While interpreting the observed malignancy rates in our study, it is imperative to acknowledge the distinctive nature of our cohort. The data were obtained from a surgical registry, which means that it focused only on patients who underwent surgical treatment and had available histopathological results. This study did not fully evaluate the accuracy of the EU-TIRADS scale itself. It is crucial to recognize that our findings may not be directly extrapolated to the general population undergoing thyroid evaluations. However, a similar approach and findings were reported previously by Inabnet et al. [29] and in the available meta-analysis by Castellana et al. [26]. The results effectively elucidate the specificity of the EU-TIRADS scale, although the sensitivity aspect remains incompletely evaluated. Within the research conducted by Xu et al. [25], the methodology offers a more refined approach to assessing the sensitivity of the TIRADS scale. This study encompassed a cohort of patients exhibiting a Bethesda II result in FNAB yet they exhibited no evidence of tumor progression within the subsequent year. It is noteworthy, however, that beyond this study, there remained individuals who did not meet the criteria for FNAB and were subjected to extended follow-up exceeding one year.

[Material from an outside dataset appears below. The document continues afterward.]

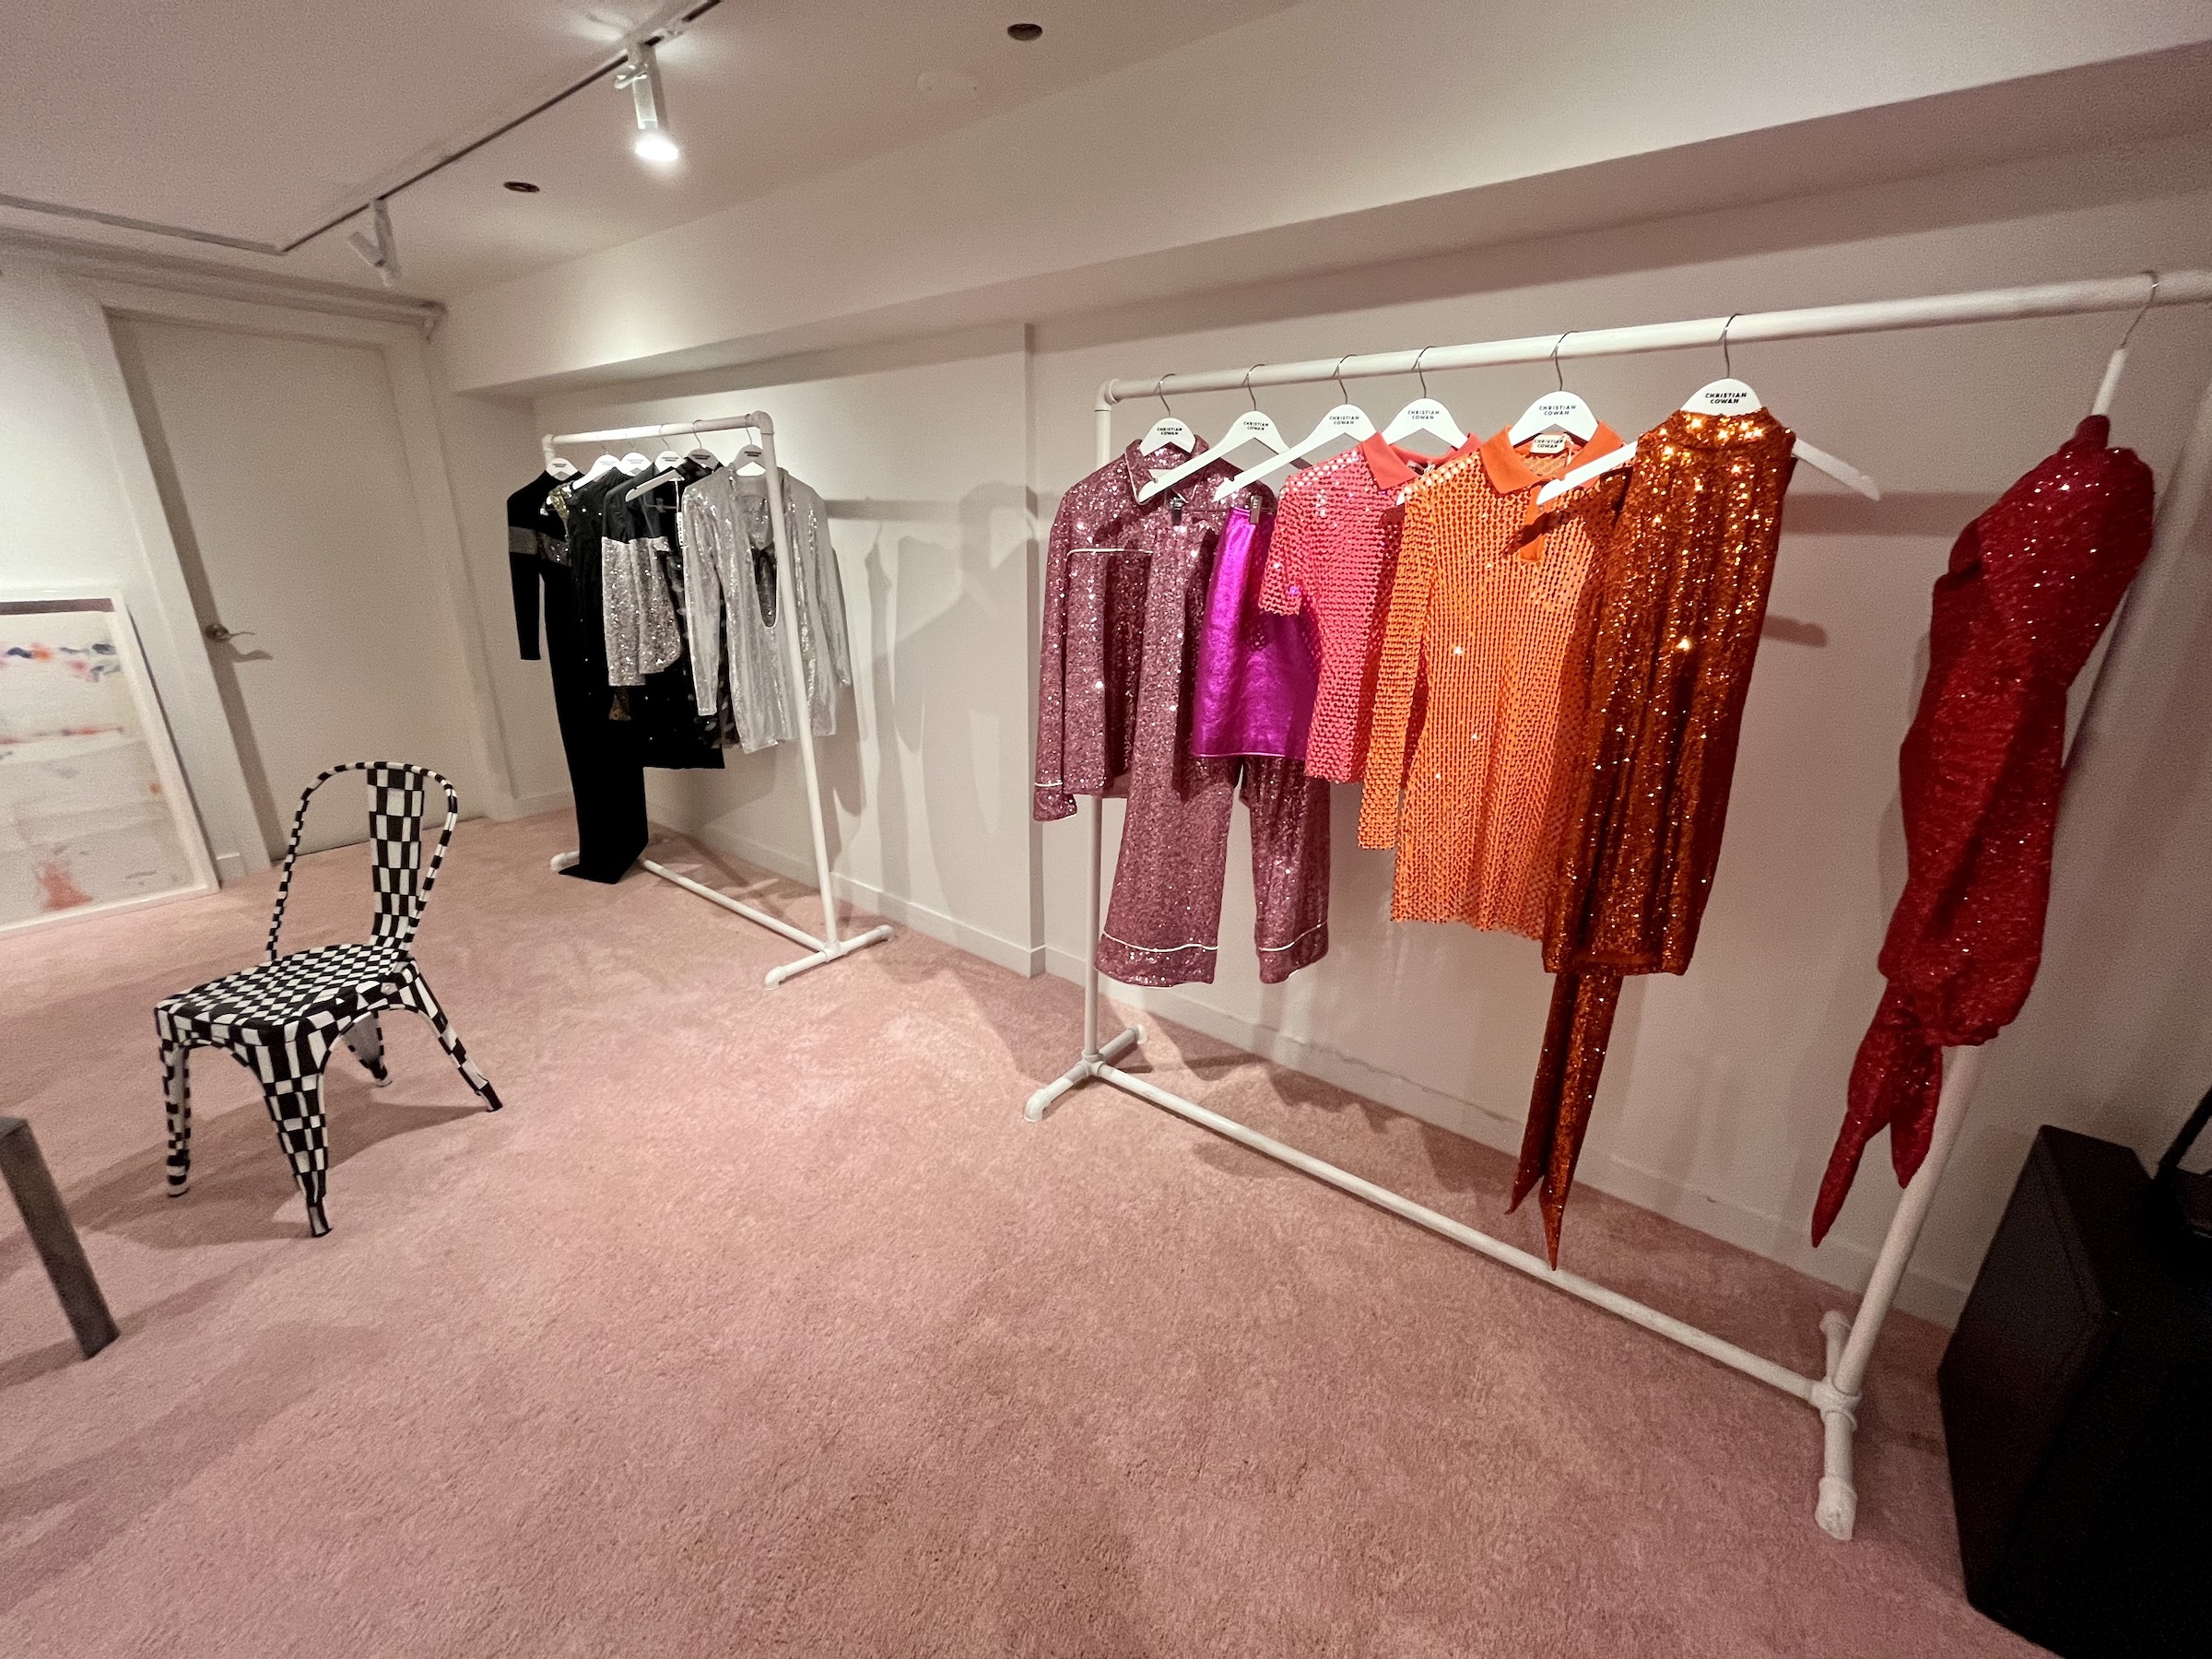 FENDI Opens New York City Flagship Store - V Magazine
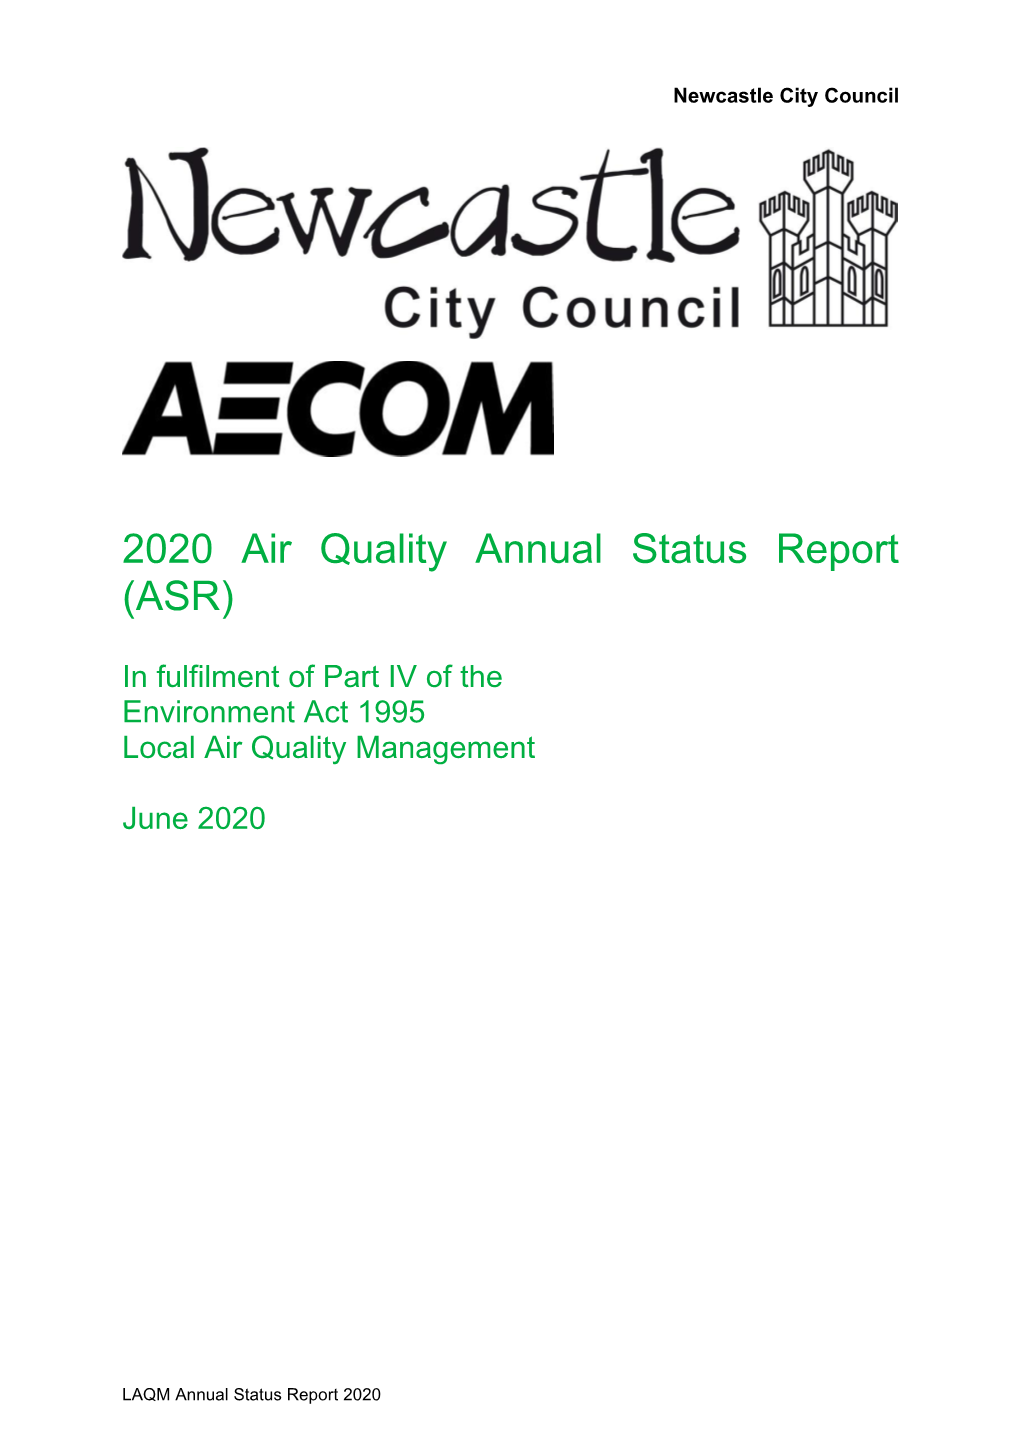 Air Quality Annual Status Report 2020

Additionally, the following limitations of this study should also be recognized: limited core data available for assessment in the thyroid module of the EUROCRINE register (for example, details on preoperative serum calcitonin levels or thyroid scintigraphy are not reported to the register if the preoperative work-up indicates benign thyroid disease) [30], the potential for interobserver variability in the application of the EU-TIRADS and FNA cytology across different centers, and variability in expertise between high-volume and low-volume centers, which can influence the reliability and accuracy of the data collected [31].

Finally, the study group may not represent the usual indications for thyroid surgery, as a significant percentage of patients had oncological indications, possibly due to the impact of the COVID-19 pandemic, which caused the postponement of non-oncological procedures. According to Polish statistical data, in 2019, before the COVID-19 pandemic, the percentage of surgically treated patients diagnosed with TC was 24.4%, while it was 36.8% in 2020 [32]. Recently, Medas et al. proved that, during the COVID-19 pandemic period, there was an increased occurrence of aggressive thyroid tumors [33].

5. Conclusions

In conclusion, this study provides clear evidence of the effectiveness of the EU-TIRADS classification for preoperative malignancy risk stratification. While the prevalence of EU-TIRADS classification has been increasing for the past few years, this study has illustrated that further efforts should be made to disseminate proper use of the EU-TIRADS in clinical practice, since this could limit the overdiagnosis and overtreatment of low-risk TC, ultimately improving patient care.